▸ Work instruction: For this exercise, write out the whole listing below exactly, omitting its images.

● ● ● ● ● ● ●

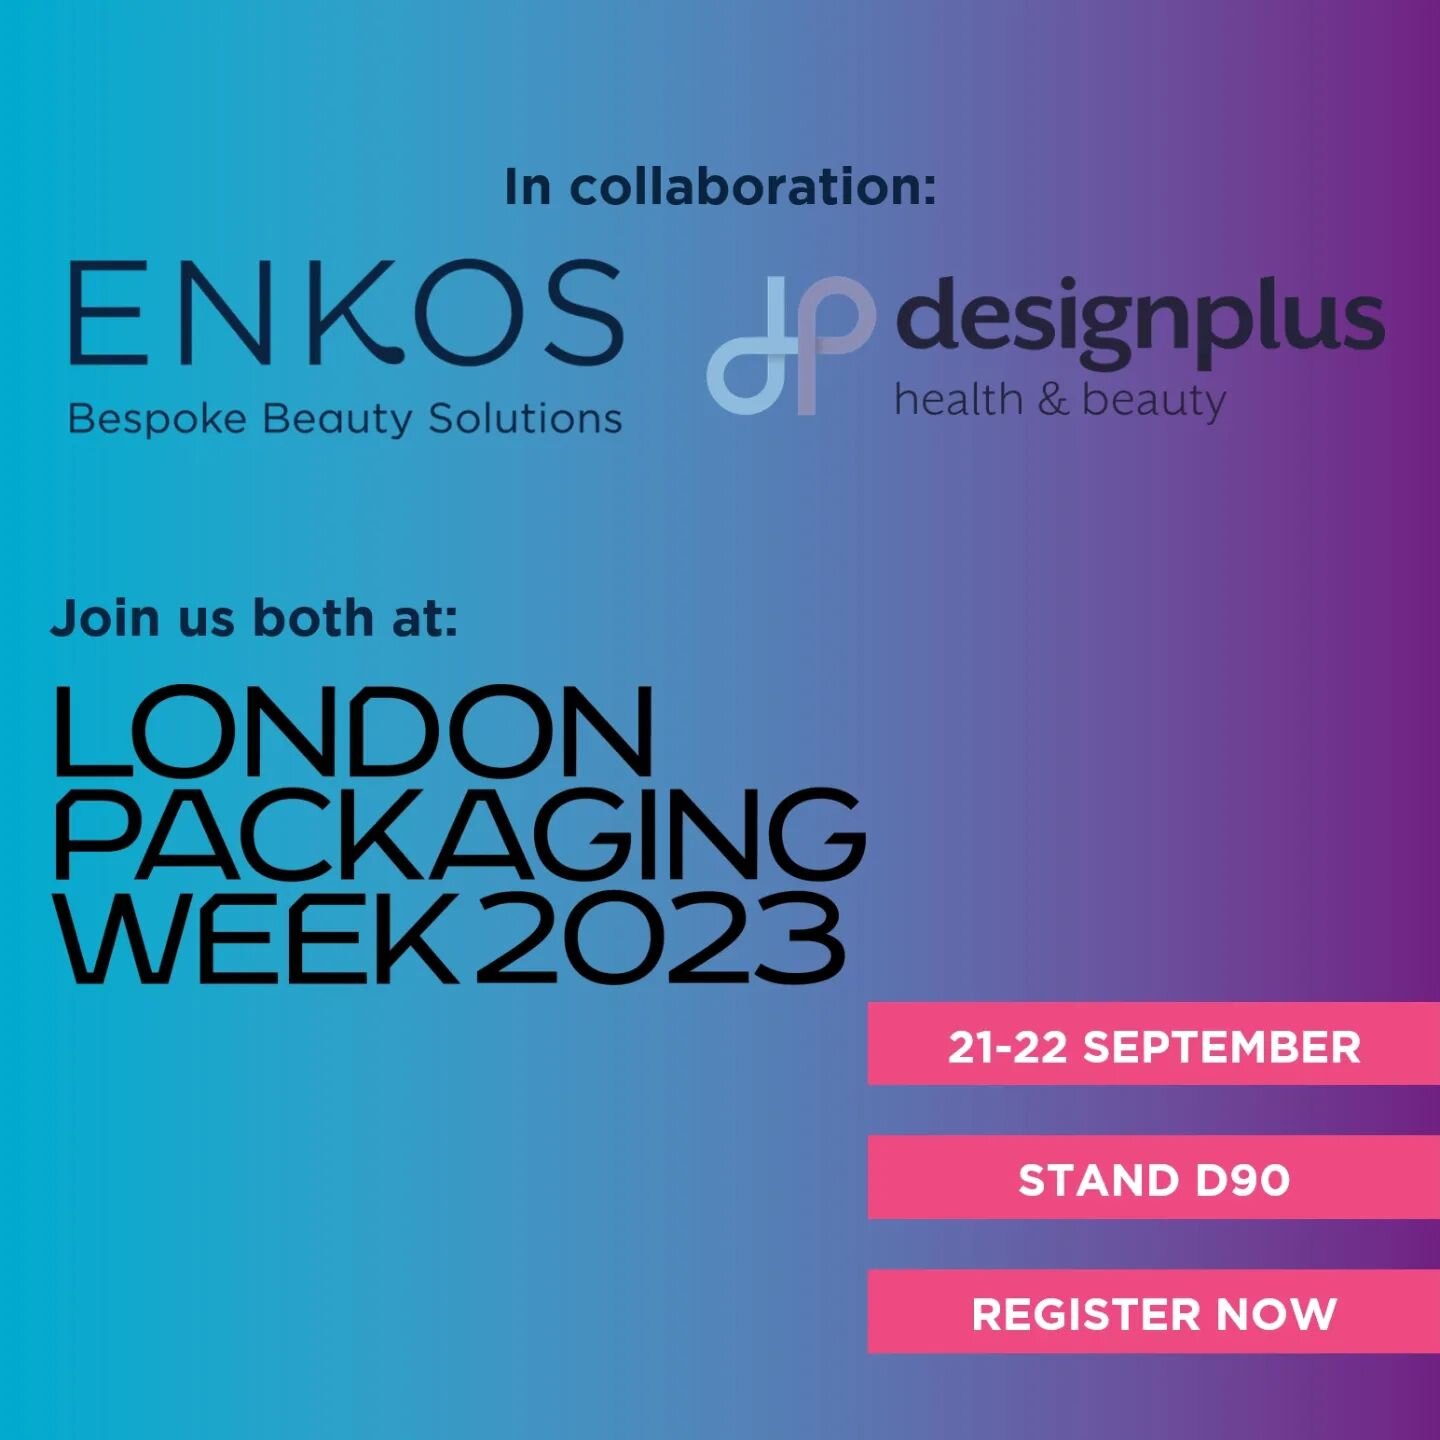 We are coming to London Packaging Week 2023! 🧴

Join us to experience our bespoke beauty solutions, from concept to delivery, in collaboration with Design Plus Health &amp; Beauty Ltd.

Key information:
- Dates: 21st and 22nd September 2023
- Venue:

● ● ● ● ● ● ●

▸ Exercise result:
 We are coming to London Packaging Week 2023! 🧴

Join us to experience our bespoke beauty solutions, from concept to delivery, in collaboration with Design Plus Health &amp; Beauty Ltd.

Key information:
- Dates: 21st and 22nd September 2023
- Venue:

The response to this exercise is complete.